The name is not exactly household nor the face overly familiar outside music business circles, but the voice will thunder around your sub-conscious like the echo of a well-remembered song. Strong tone, expressive timbre, an R&B rasp, a soul scream, an exultant shout from church, a honeyed pop aside and a breathy jazz inflection. All in the space of a 12-inch dance groove. In a different era, Jocelyn Brown would have been recording soul hits in Muscle Shoals for Atlantic or in Memphis for Stax and giving Aretha Franklin, Gladys Knight or her closest equivalent, Mavis Staples, a run for their Grammies. Instead, timing and the vagaries of her chosen profession have kept Brown on the back foot, not the good foot.

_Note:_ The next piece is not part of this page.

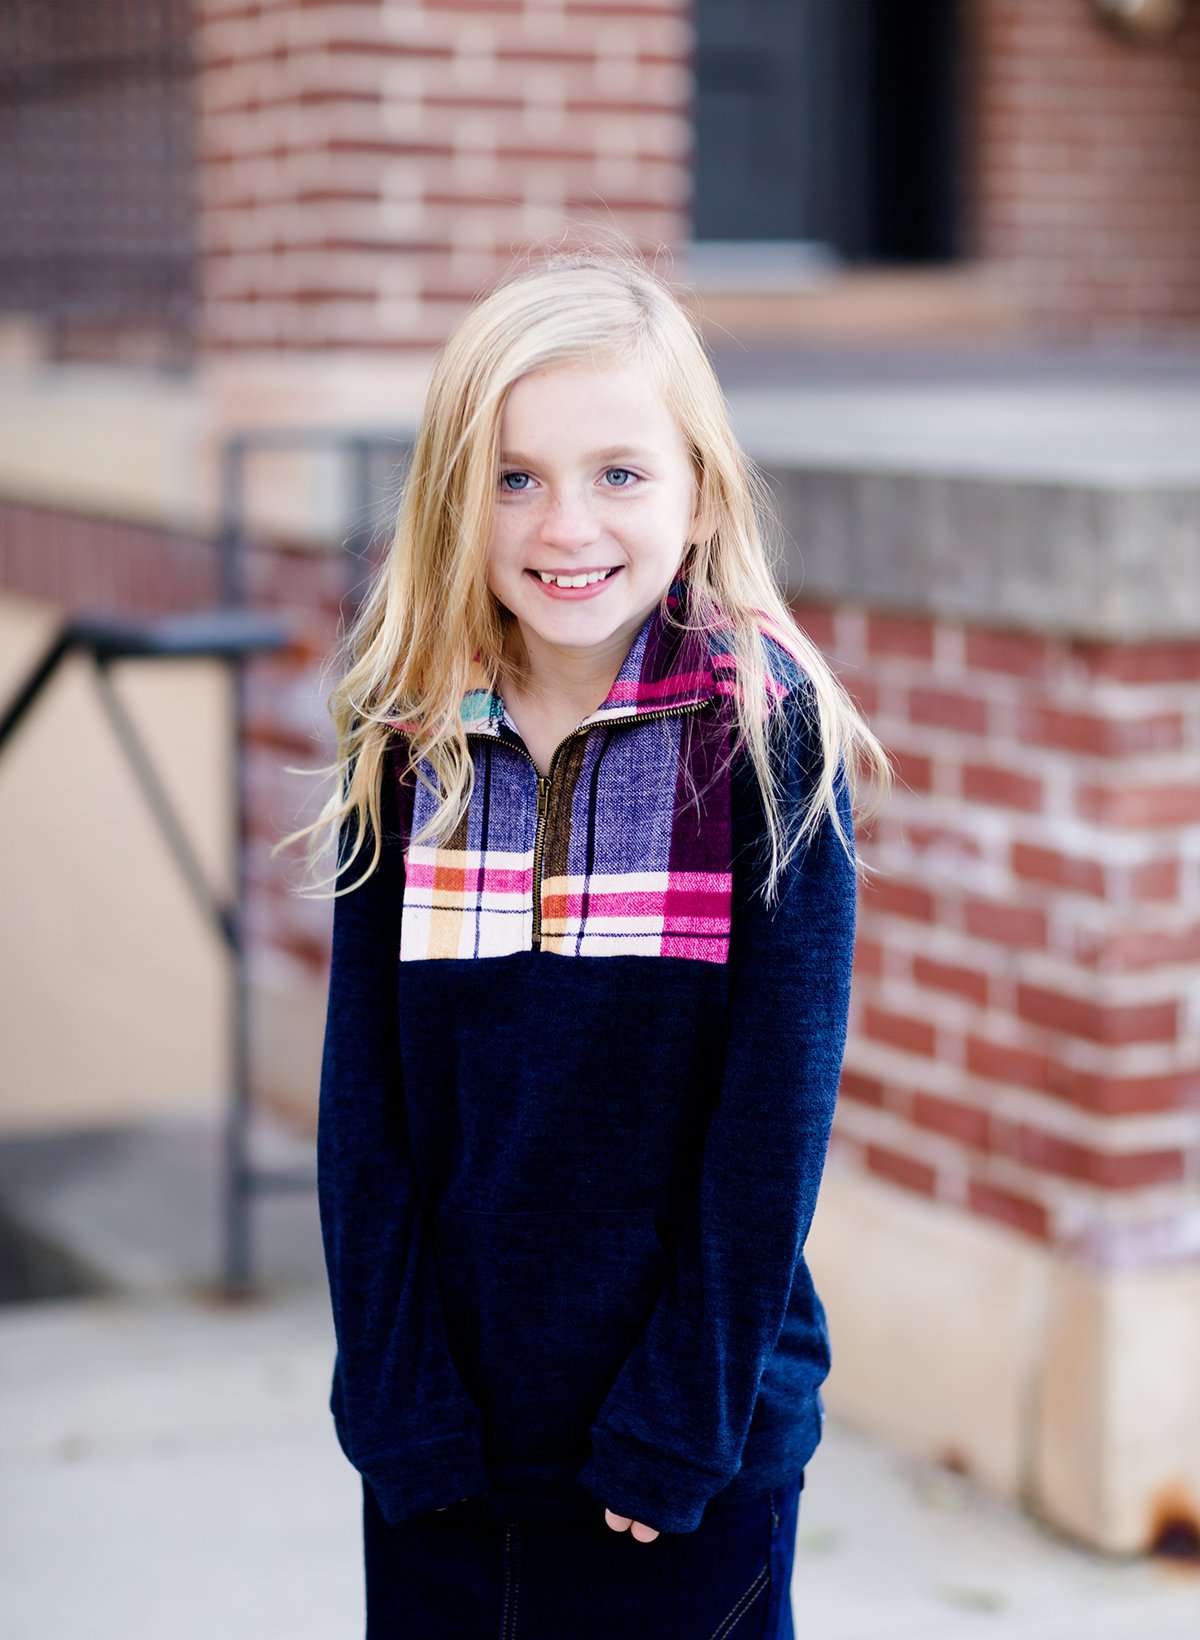 This half zip pullover features a front pouch pocket and a beautiful color block print of fuchsia, teal and mustard!  This young girl is also matching her mother in a mommy and me style.

One of the most in-demand session singers for the best part of 25 years, Brown's voice as "featured" singer has lifted many a mundane dance record or bland pop cut and propelled it into the charts. But now the phenomenon is epidemic, with records "featuring" and "presents", or "with guests" as diverse as rappers Ol' Dirty Bastard and Missy Elliott, and hard rock guitarists Jimmy Page and Randy Bachman. The picture formed is of a swarm of largely uninteresting knob-twiddlers attempting to jolly- up their efforts with a genuinely talented voice or hip name. It is the new "remix".

Brown, however, is reclaiming some of the performances. The Hits, "a collage of things I've done", cherry-picks chart hits and dancefloor favourites she's cut with Incognito, Inner Life, Musique, the NU Yorican Project, Jamestown, Da Mob, and producers Todd Terry and Louie Vega, among others. Heard together, one can't help but wonder why a producer didn't take her aside and make her the project, rather than an artificial studio band. The Hits also rather neatly chimes with the surge of disco movies this autumn.

Of course, the suffix "featuring" after a band's name is not exclusive to current dance music. In an earlier heyday - the Thirties and Forties - records bearing the imprimaturs "featuring Ella Fitzgerald" (The Chick Webb Orchestra) and "featuring Billie Holiday" (the Count Basie and Artie Shaw bands) were among the best of their day, providing the orchestras with big sales and the singers with launch pads for solo careers. The difference is that Jocelyn Brown in the Eighties and Nineties did not exactly have lift-off.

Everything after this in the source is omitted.